**EXTRACTED MATERIAL:**
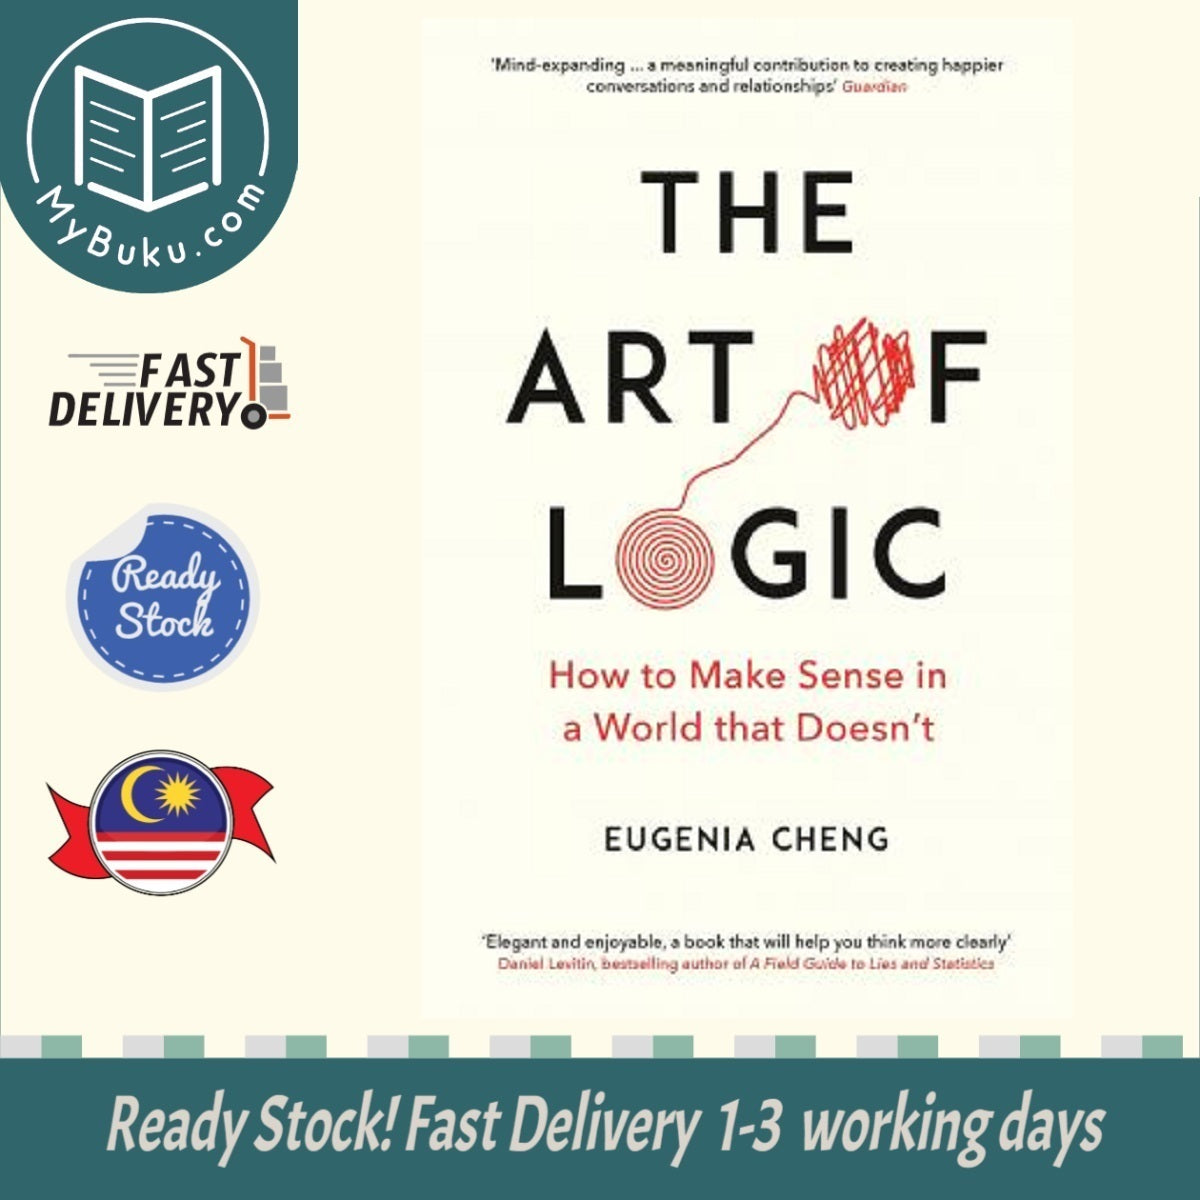 The Art of Logic: How to Make Sense in a World that Doesn't - Eugenia Cheng - 9781788160391 - Profile Books Ltd
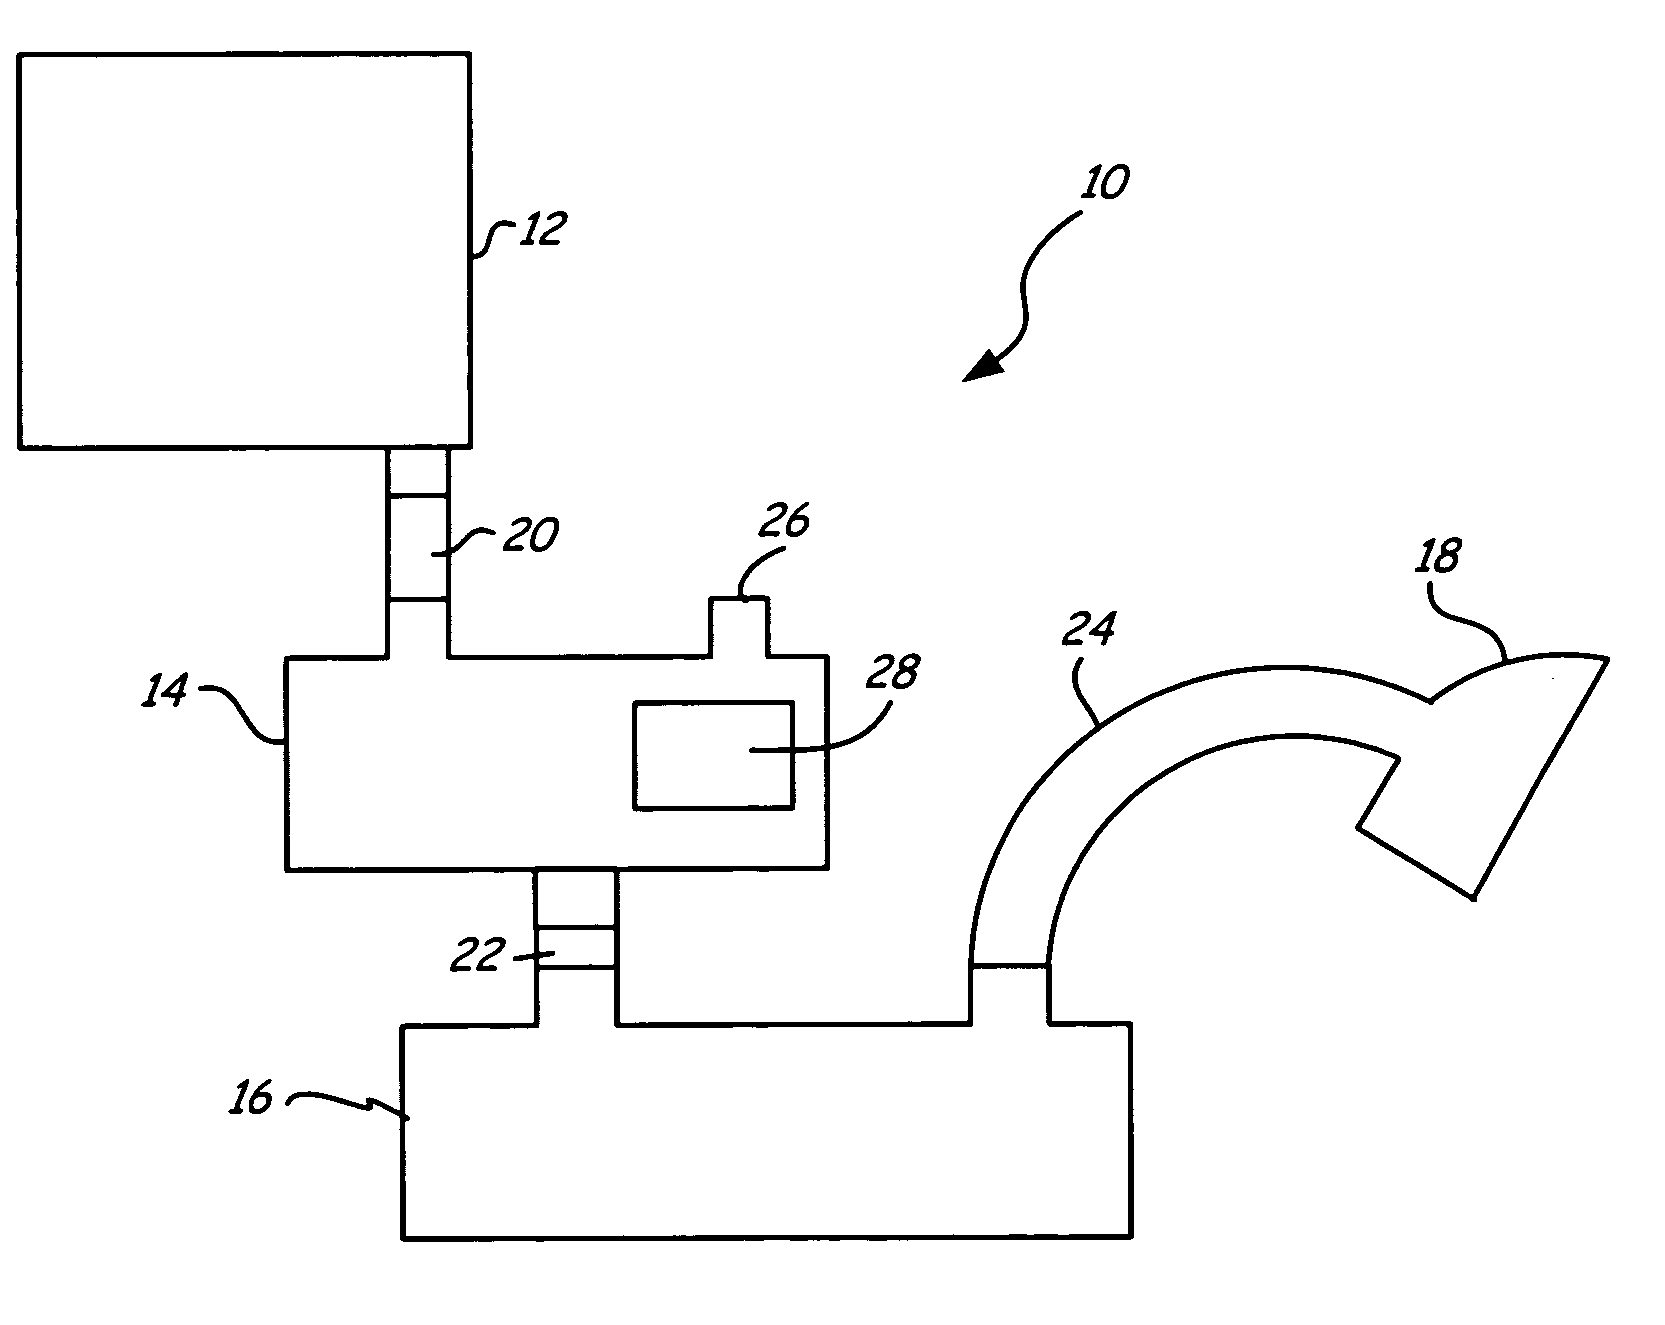 Method and apparatus for delivering an additive with a CPAP machine
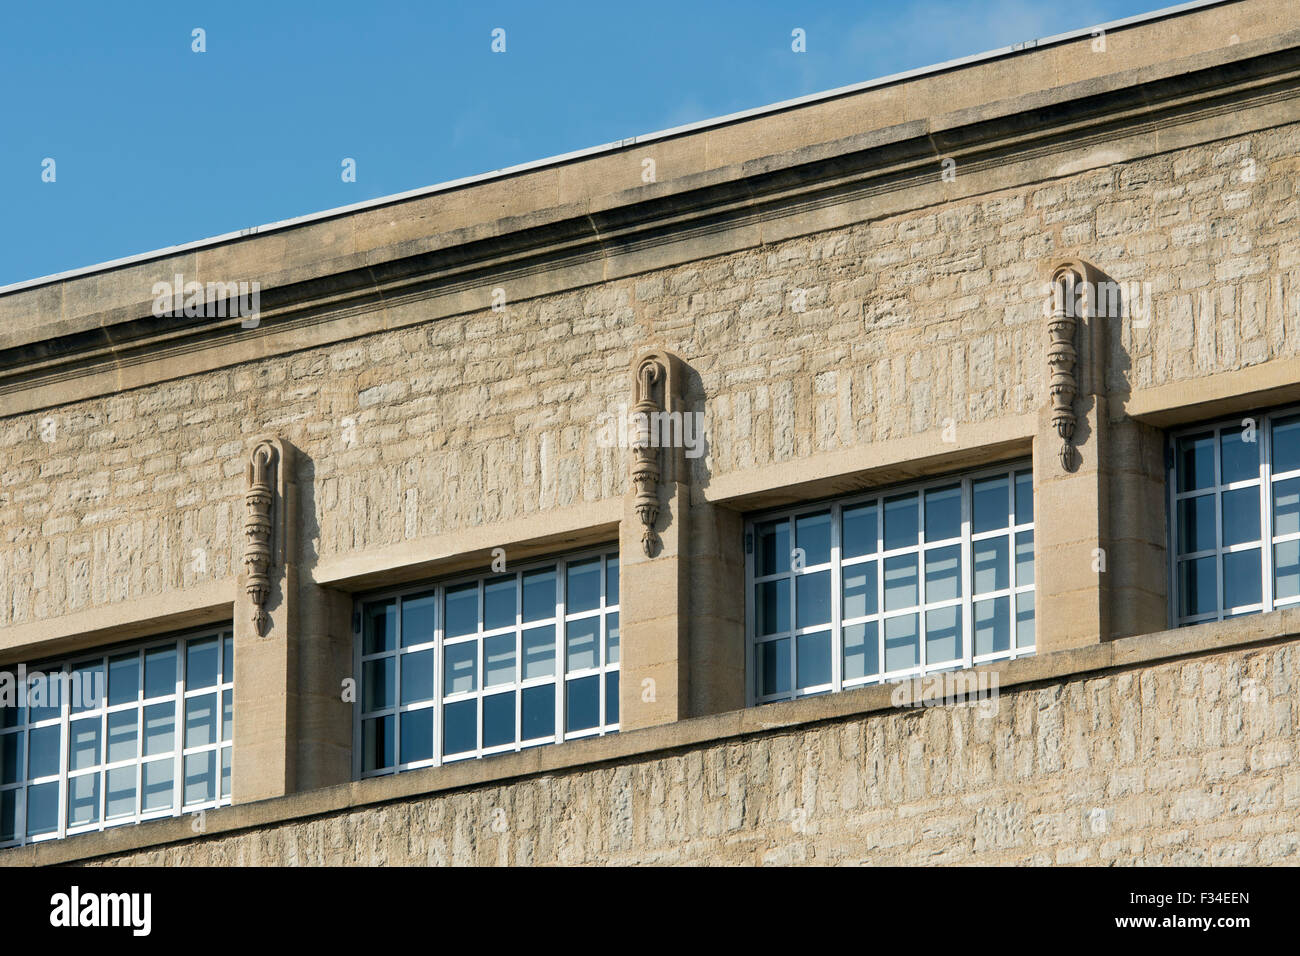 The Weston Library building detail, Oxford, England, UK Stock Photo
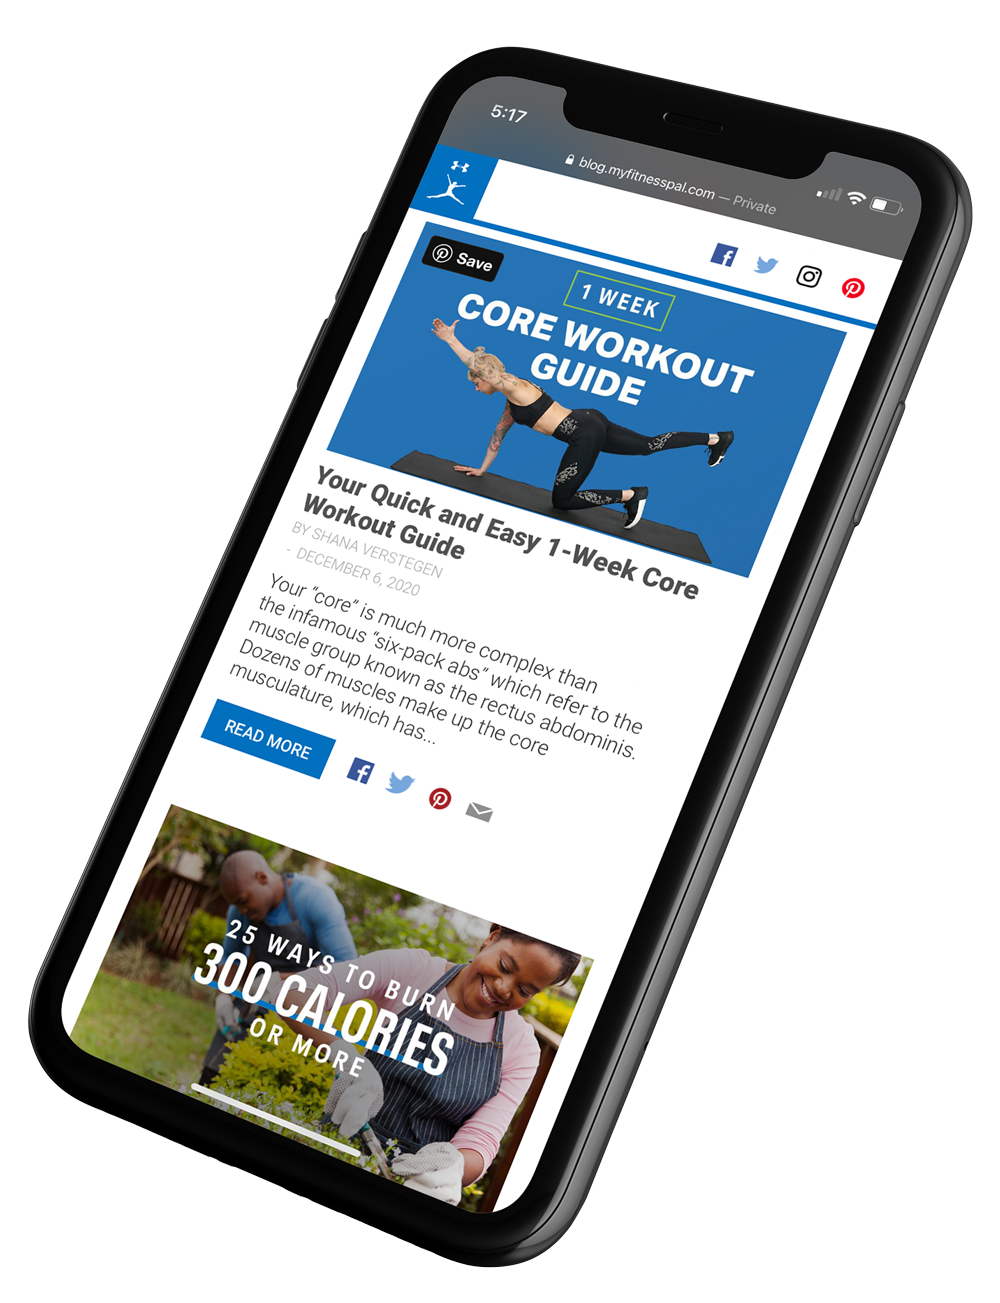 Mobile- Leverage the HMN mobile network to reach your target audience in the waiting room and beyond to increase brand awareness and engagement with your POC campaign.
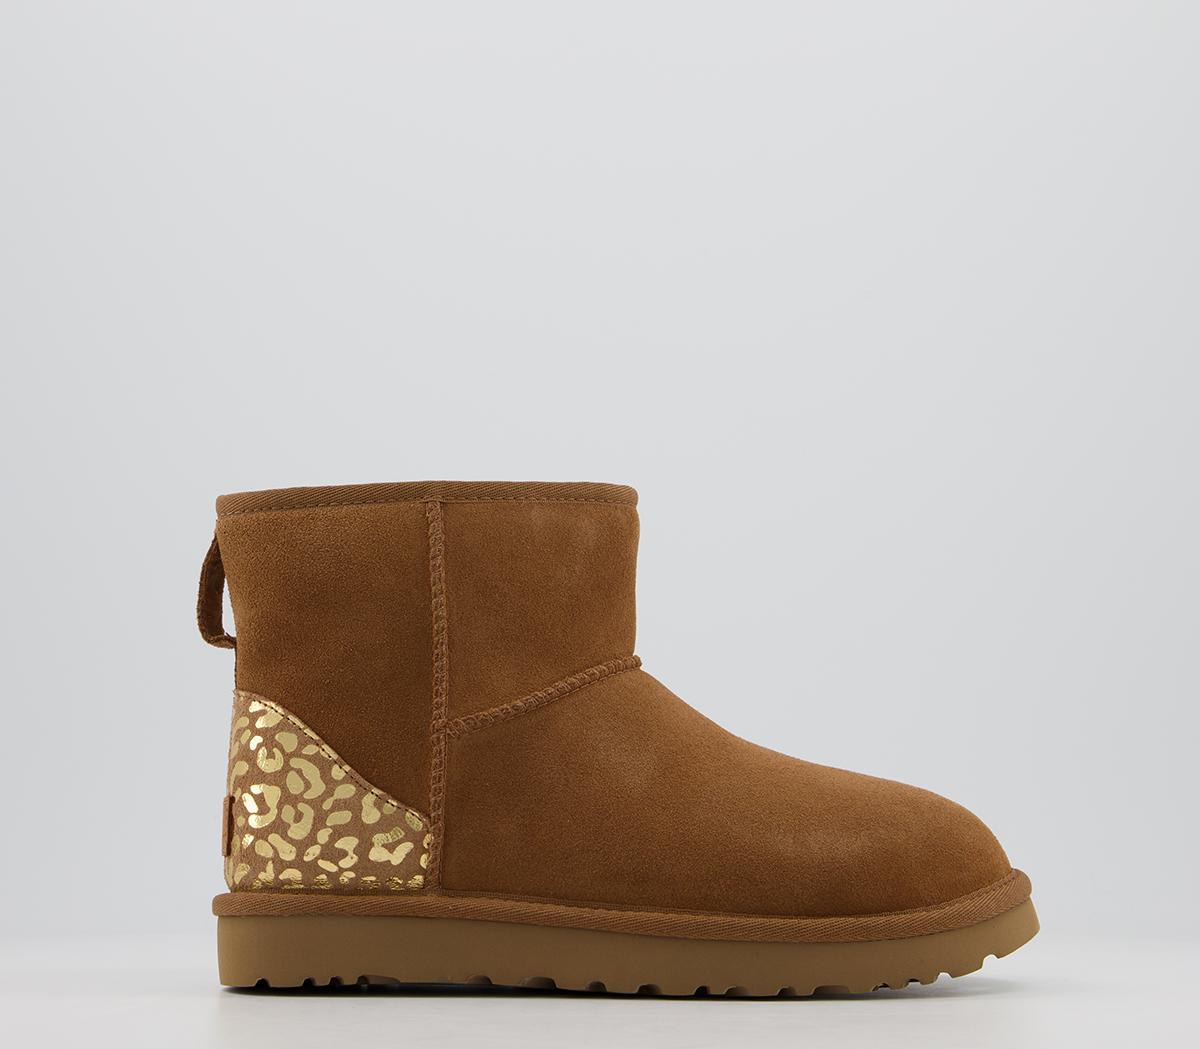 ugg boots leopard

**EXERCISE GOAL:**
This task calls for the lines from the line containing "Mobile- Leverage the" through the end of the listing, set down exactly and only, with pictures omitted.

**RESPONSE:**
 Mobile- Leverage the HMN mobile network to reach your target audience in the waiting room and beyond to increase brand awareness and engagement with your POC campaign.
 ugg boots leopard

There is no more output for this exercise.